The Pharisees and many other groups would agree to fast until a specific goal was accomplished, as we see in Acts 23:12.  “And when it was day, certain of the Jews banded together, and bound themselves under a curse, saying that they would neither eat nor drink till they had killed Paul.”  Unfortunately some Christian groups have adopted a similar idea, encouraging one to fast until God answers your prayer.  Fasting in such a manner is essentially a hunger strike against God.  Such fasting does not please God.

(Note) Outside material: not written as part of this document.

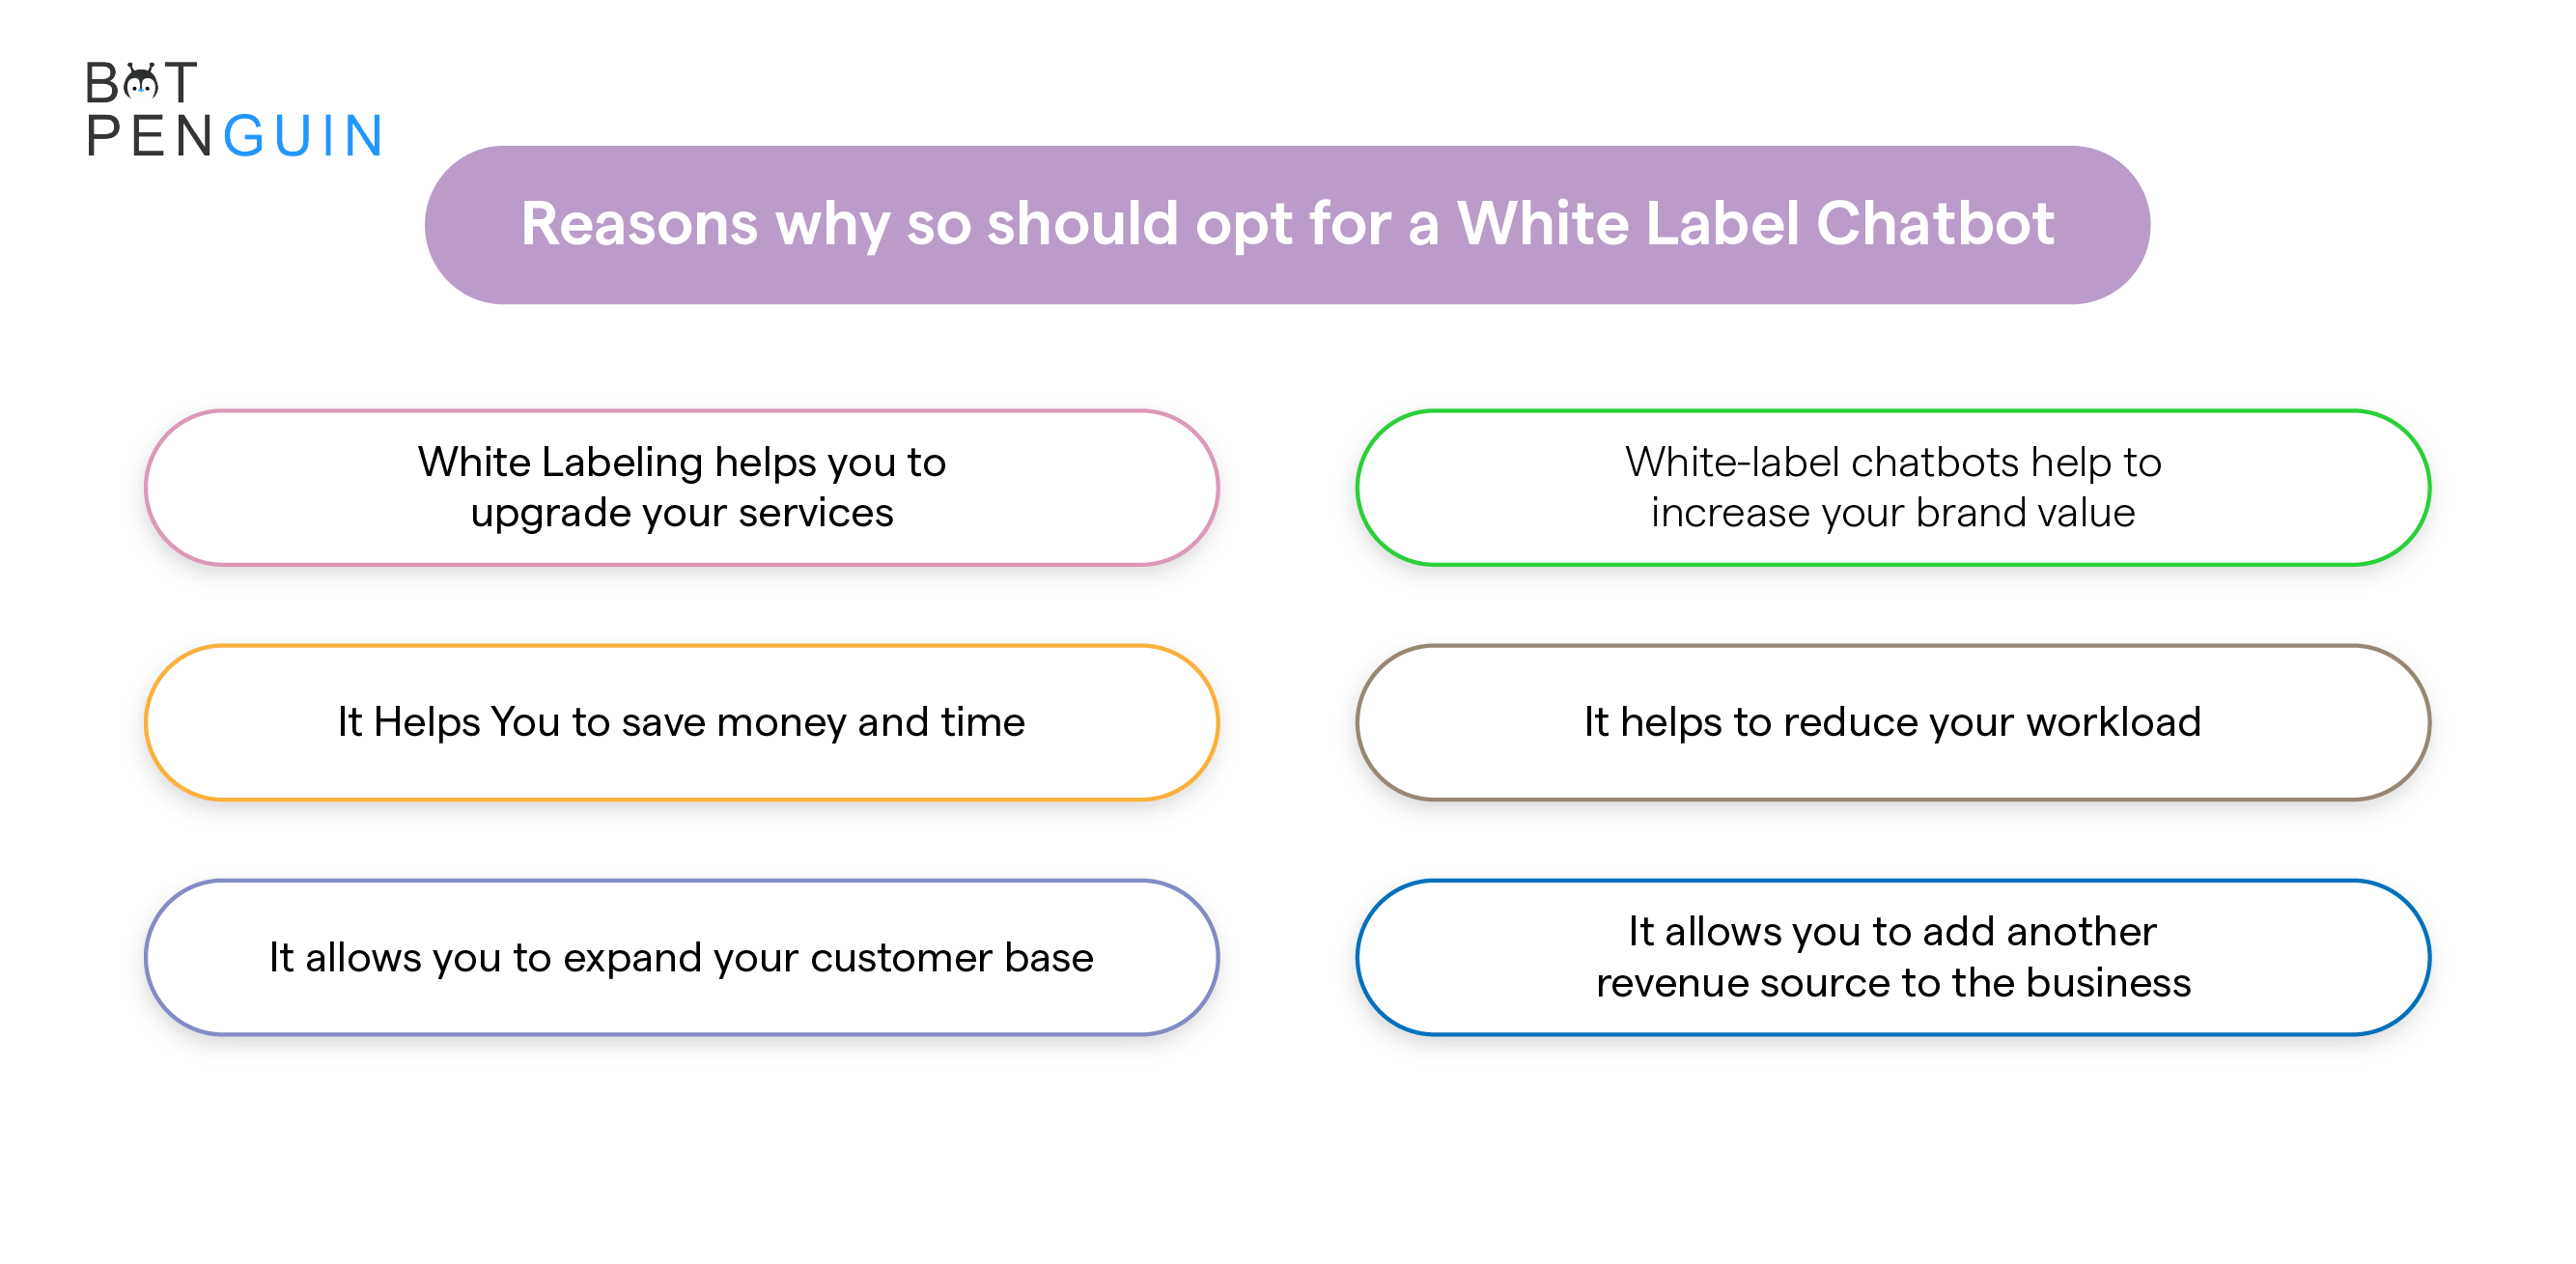 Six reasons why so should opt for a White Label Chatbot
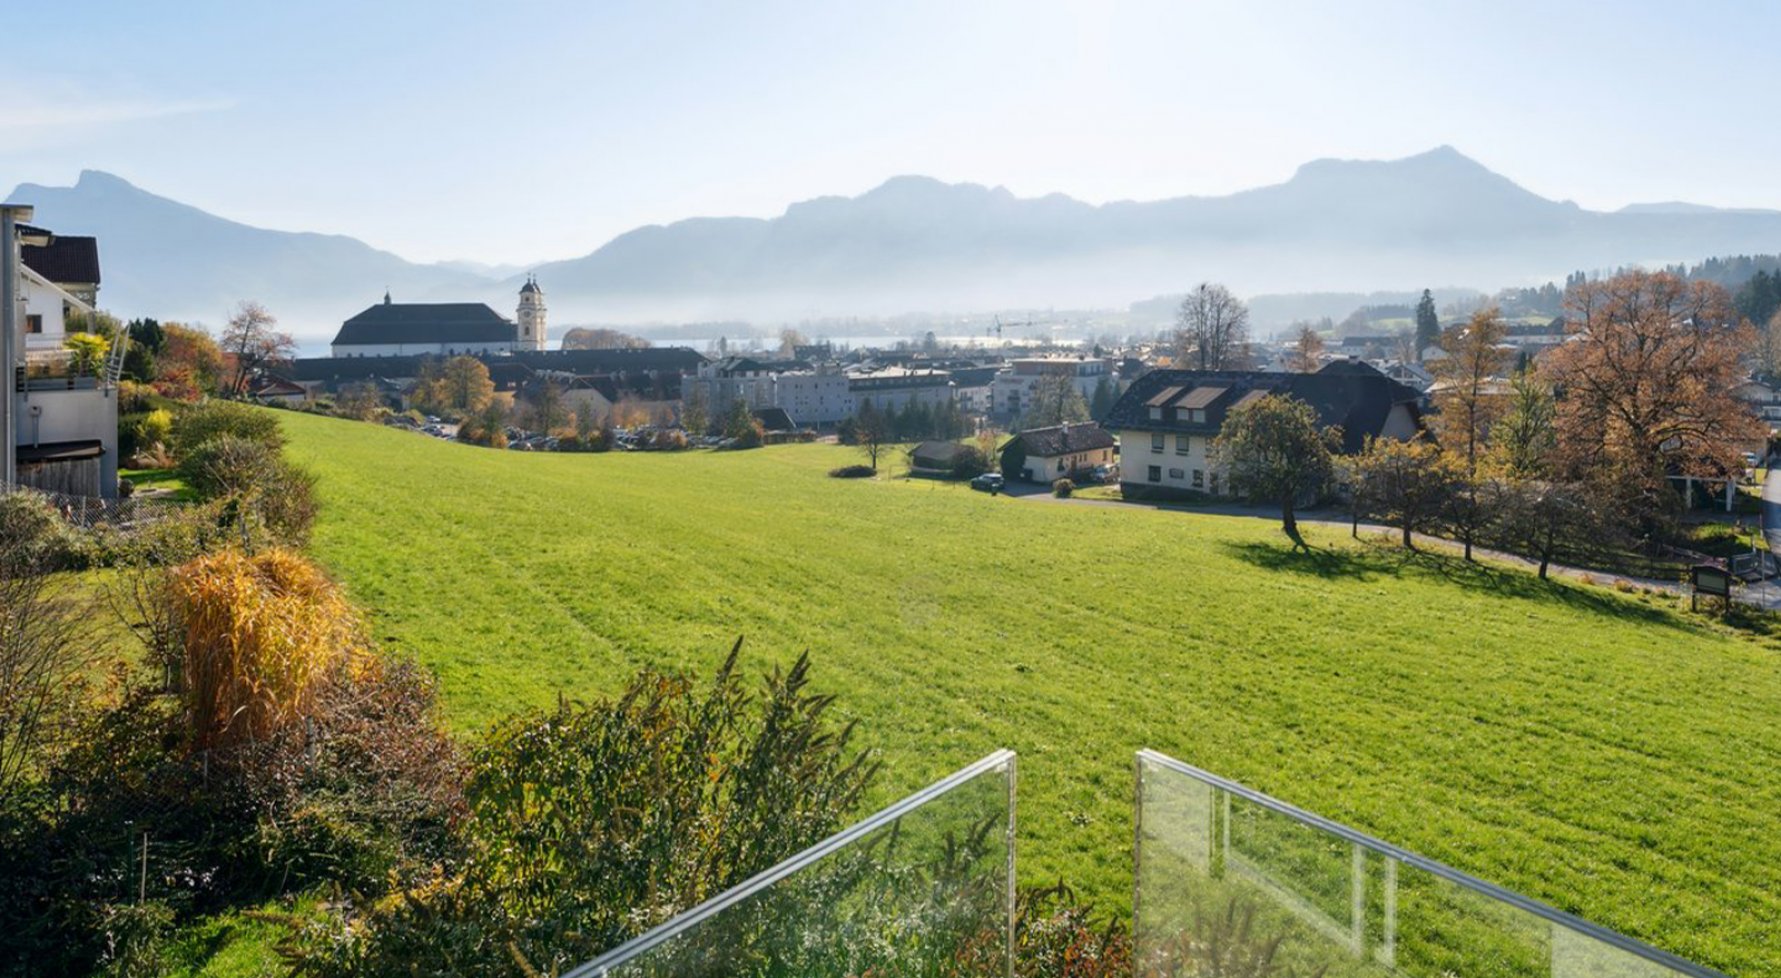 Property in 5310 Mondsee: Welcome to Mondsee! Timeless villa with combined lake and mountain views - picture 1

Isaiah 58:2-7 deals with such fasting.  “Cry aloud, spare not, lift up thy voice like a trumpet, and show my people their transgression, and the house of Jacob their sins.  Yet they seek me daily, and delight to know my ways, as a nation that did righteousness, and forsook not the ordinance of their God: they ask of me the ordinances of justice; they take delight in approaching to God.

Wherefore have we fasted, say they, and thou seest not? wherefore have we afflicted our soul, and thou takest no knowledge?

Behold, in the day of your fast ye find pleasure, and exact all your labours.  Behold, ye fast for strife and debate, and to smite with the fist of wickedness: ye shall not fast as ye do this day, to make your voice to be heard on high.  Is it such a fast that I have chosen? a day for a man to afflict his soul? is it to bow down his head as a bulrush, and to spread sackcloth and ashes under him? wilt thou call this a fast, and an acceptable day to the LORD?

Is not this the fast that I have chosen? to loose the bands of wickedness, to undo the heavy burdens, and to let the oppressed go free, and that ye break every yoke?  Is it not to deal thy bread to the hungry, and that thou bring the poor that are cast out to thy house? when thou seest the naked, that thou cover him; and that thou hide not thyself from thine own flesh?” 

God said they were not fast in an effort to get God to take action.  Instead they were to make the fast a period of putting God first, seeking to please him by eliminating sin and reaching out to others in love instead of focusing on what they wanted.  In Matthew 4:1 we find Jesus was deliberately led into the desert to be tempted by Satan.  “Then was Jesus led up of the Spirit into the wilderness to be tempted of the devil.”  As a result of forty days without eating he was hungry and Satan hoped to use that hunger to gain power over him.  As we know Christ resisted that temptation.   There is a proper way of fasting, but unfortunately if not done for the proper reasons or in the right way, it can result in temptation and sin rather than spiritual growth.   Jesus warned about fasting in Matthew 6:16-18.

“Moreover when ye fast, be not, as the hypocrites, of a sad countenance: for they disfigure their faces, that they may appear unto men to fast. Verily I say unto you, They have their reward.  But thou, when thou fastest, anoint thine head, and wash thy face; That thou appear not unto men to fast, but unto thy Father which is in secret: and thy Father, which seeth in secret, shall reward thee openly.” 


Like giving and prayer, fasting should be a private affair, done in secret. It should not be used as a means of impressing others with our spirituality.  When it is done properly, God will reward it, but when done for show, the only reward will be human accolades.  Too often people take pride in how much they fast and prostrate themselves before God, not realizing he loves us and we do not need to try to bribe him to act.  Our fasting ought to be like a little boy dropping his toys to run sit with his daddy, rather than a chore like cleaning his room.